-- INPUT DATA follows --

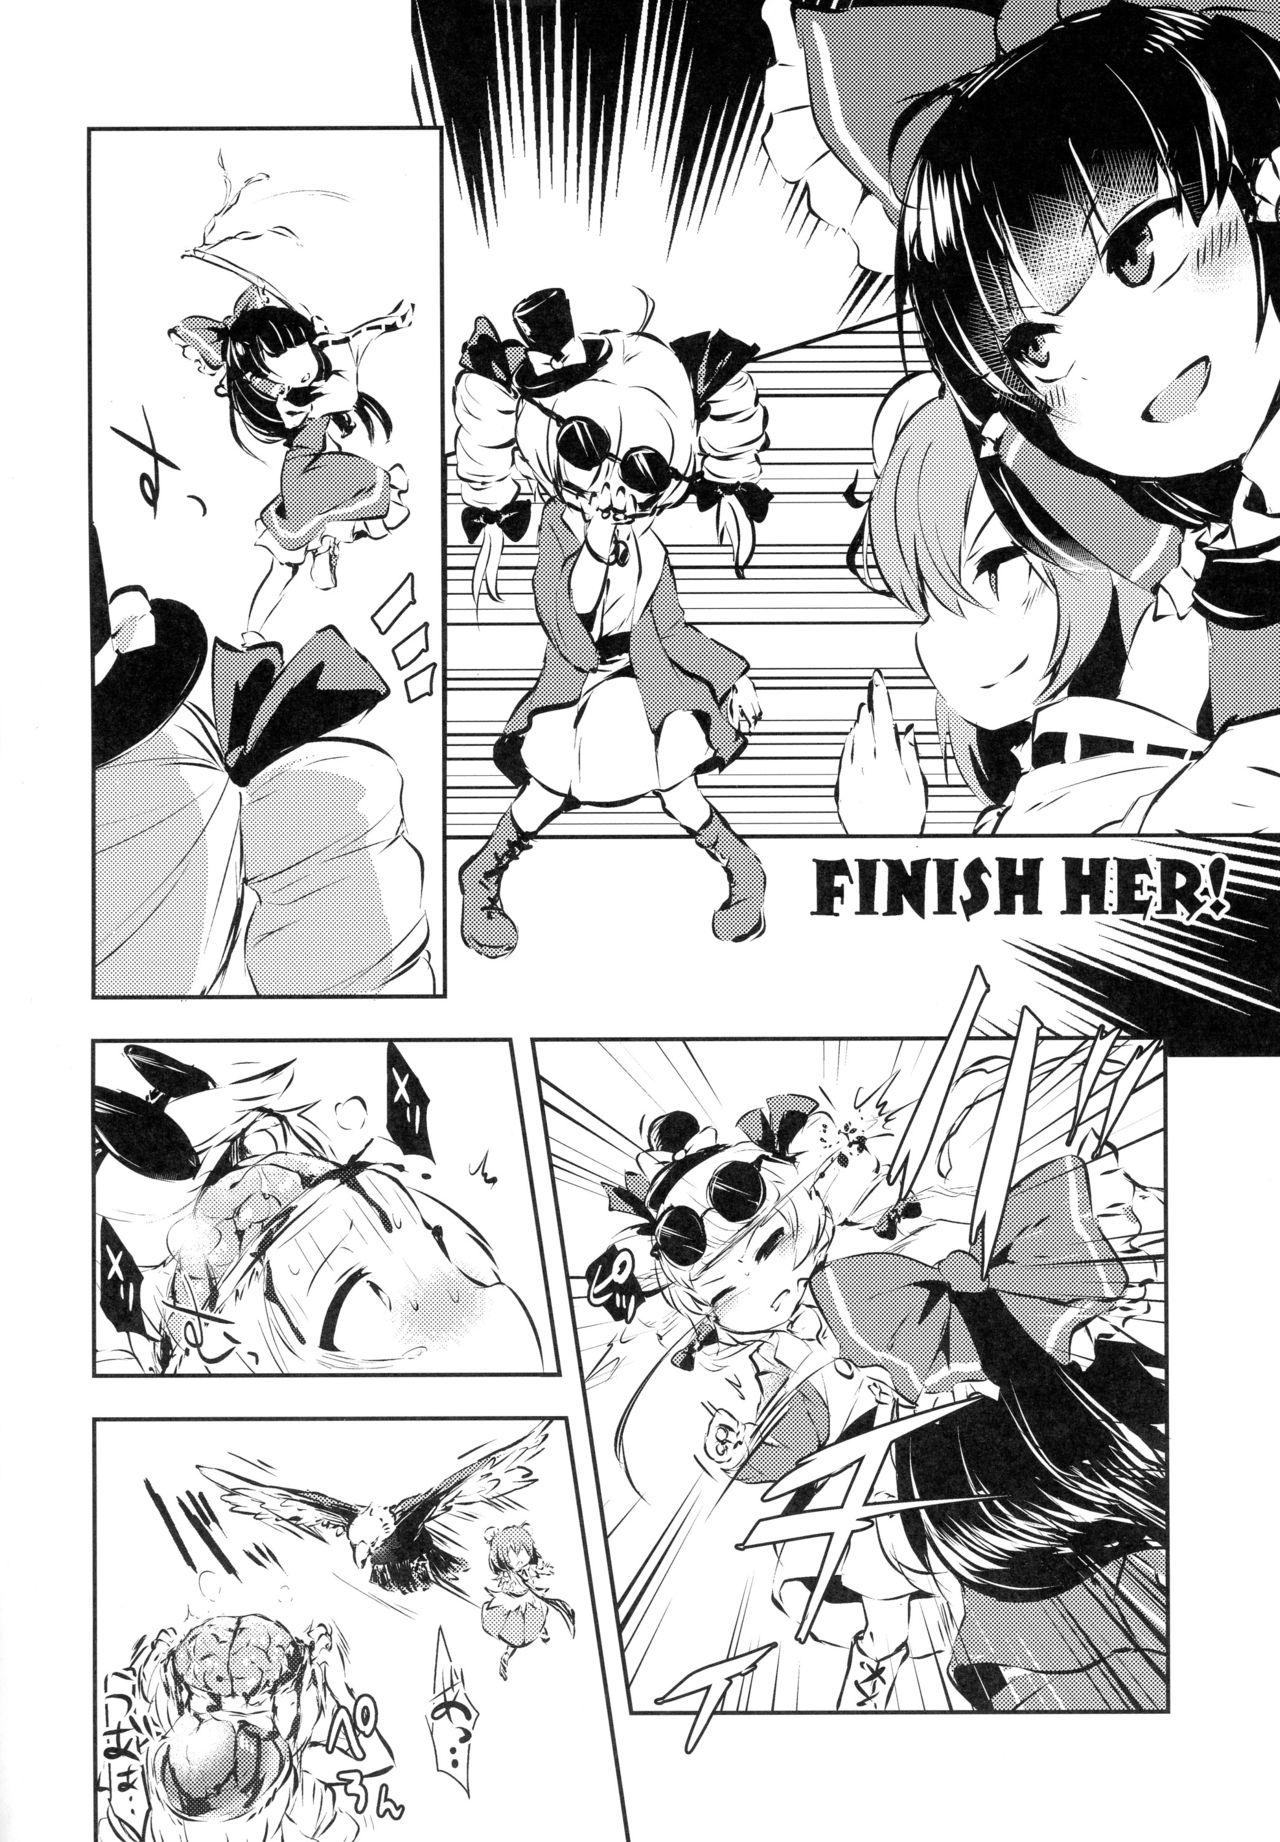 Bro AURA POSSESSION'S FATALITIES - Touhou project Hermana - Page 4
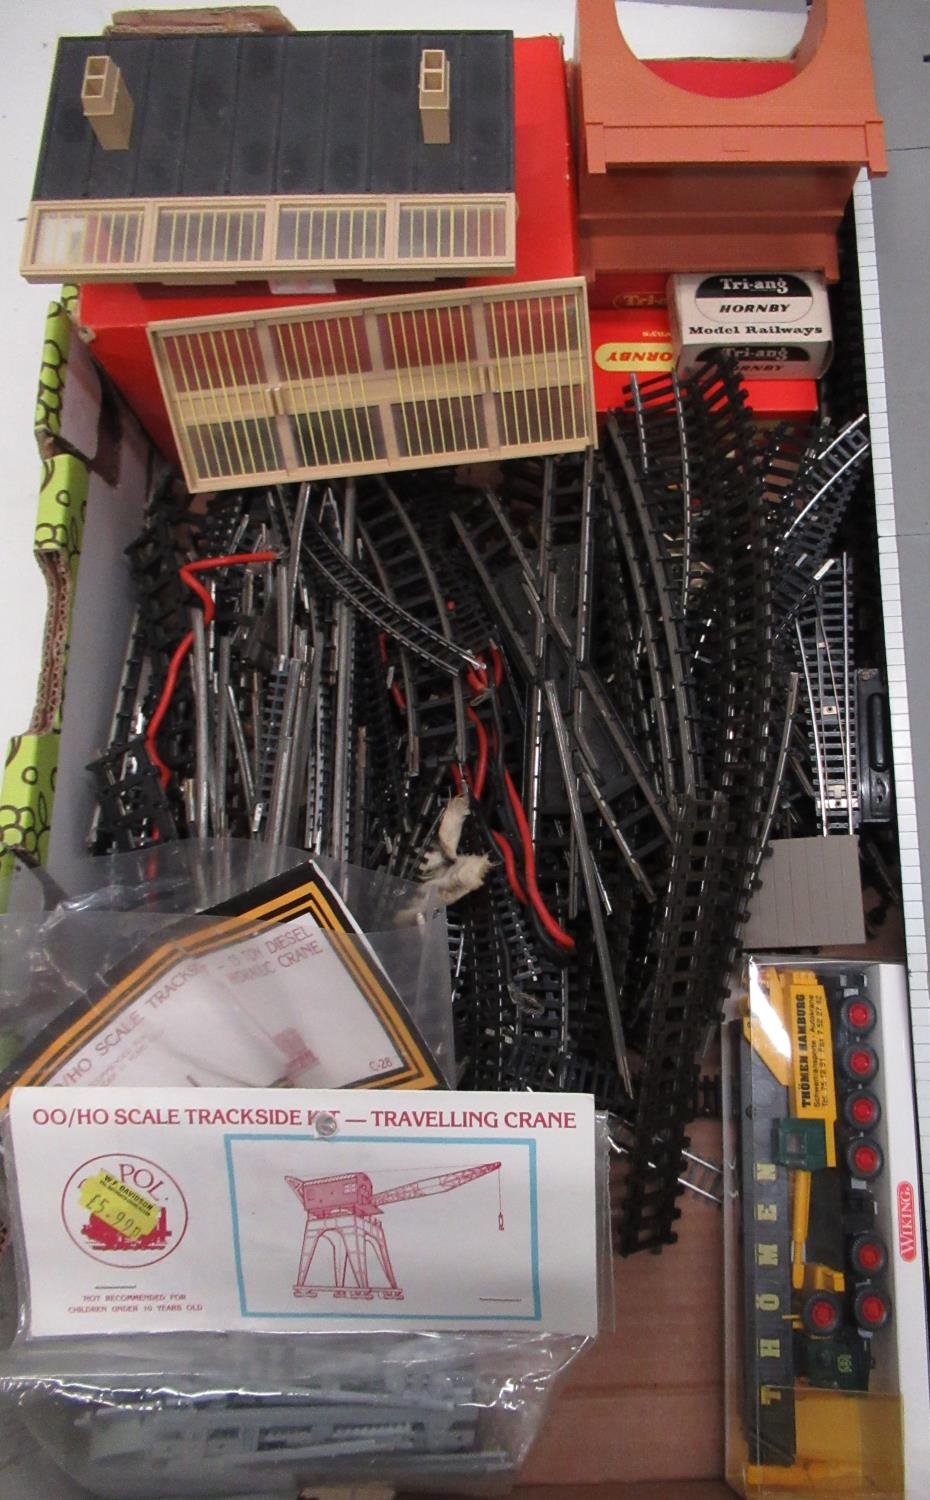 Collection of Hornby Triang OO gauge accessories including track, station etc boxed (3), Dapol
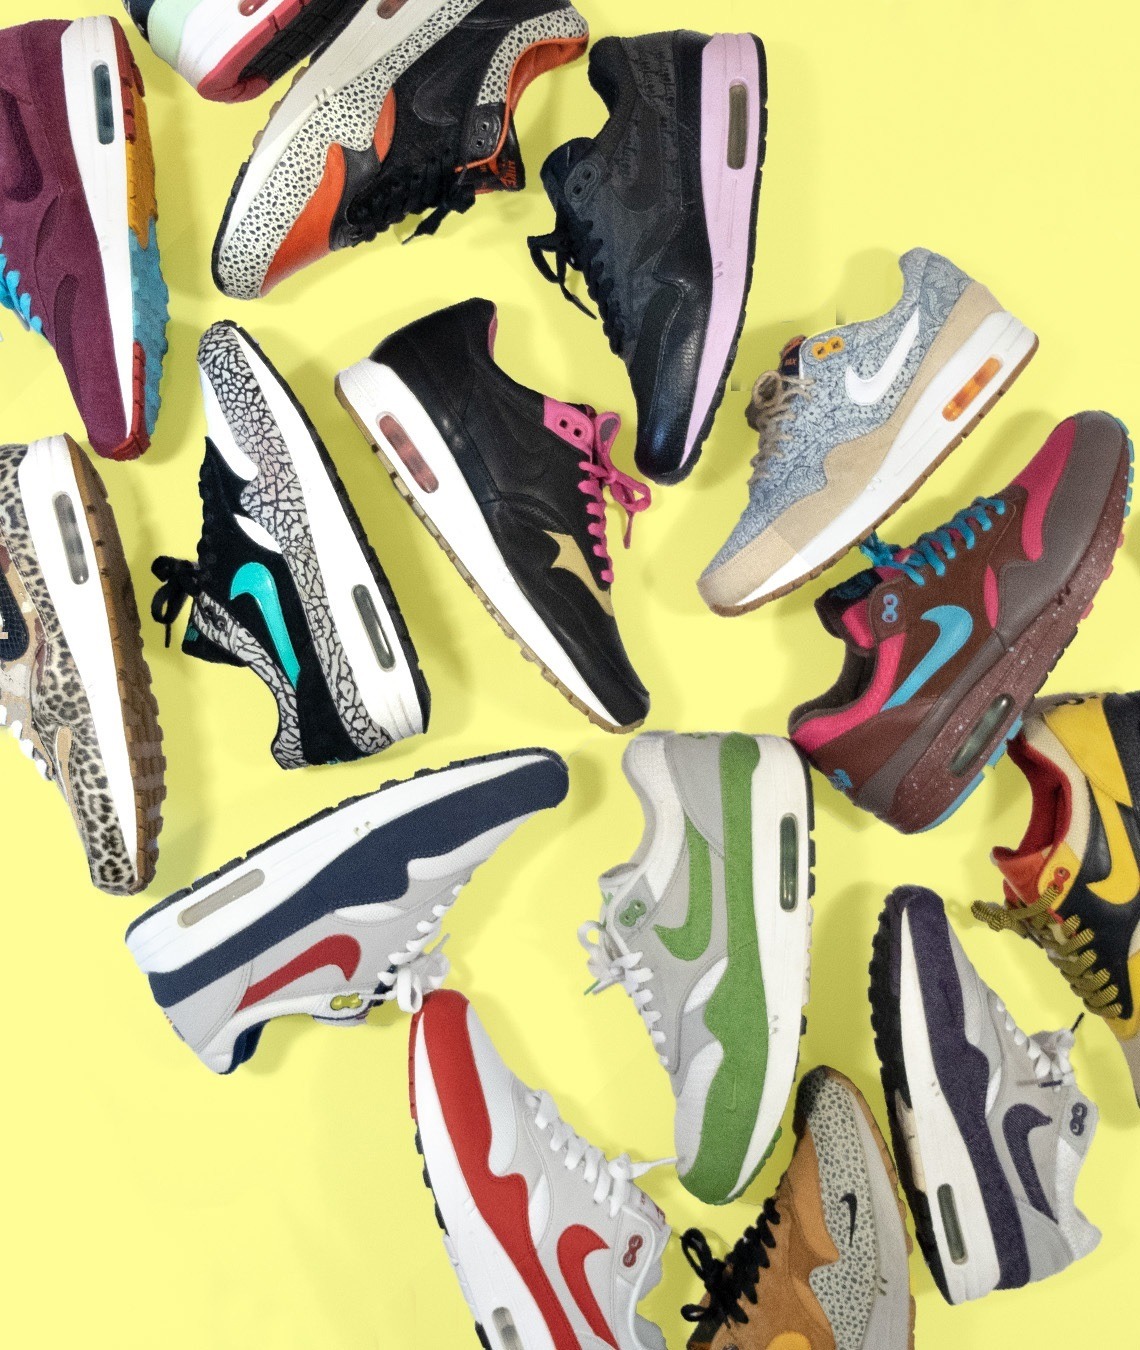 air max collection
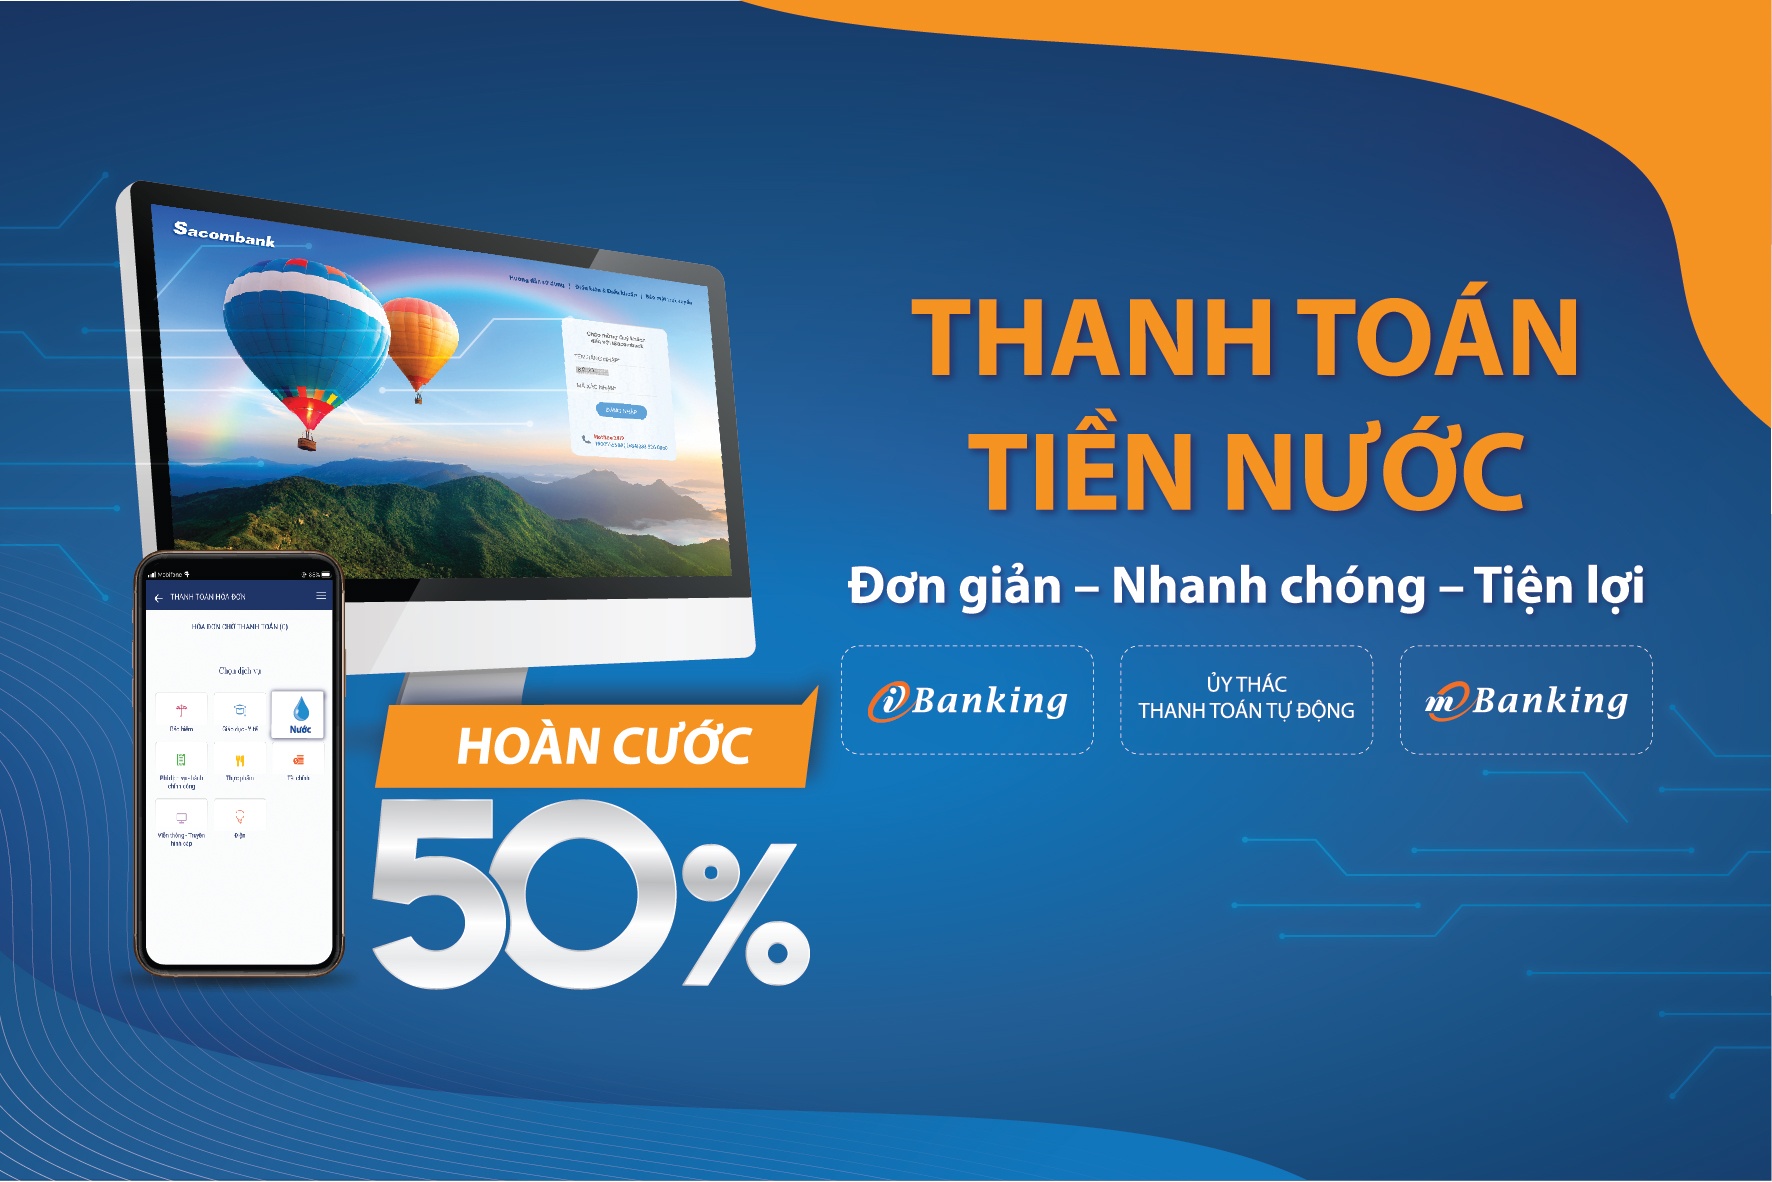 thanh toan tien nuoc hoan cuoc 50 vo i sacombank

-- INPUT DATA concluded --

TASK REQUIREMENTS » Every line above should be returned exactly; the pictures stay out.

SOLUTION FOR THIS EXERCISE »
 Bro AURA POSSESSION'S FATALITIES - Touhou project Hermana - Page 4
 Collection of Hornby Triang OO gauge accessories including track, station etc boxed (3), Dapol
 air max collection
 thanh toan tien nuoc hoan cuoc 50 vo i sacombank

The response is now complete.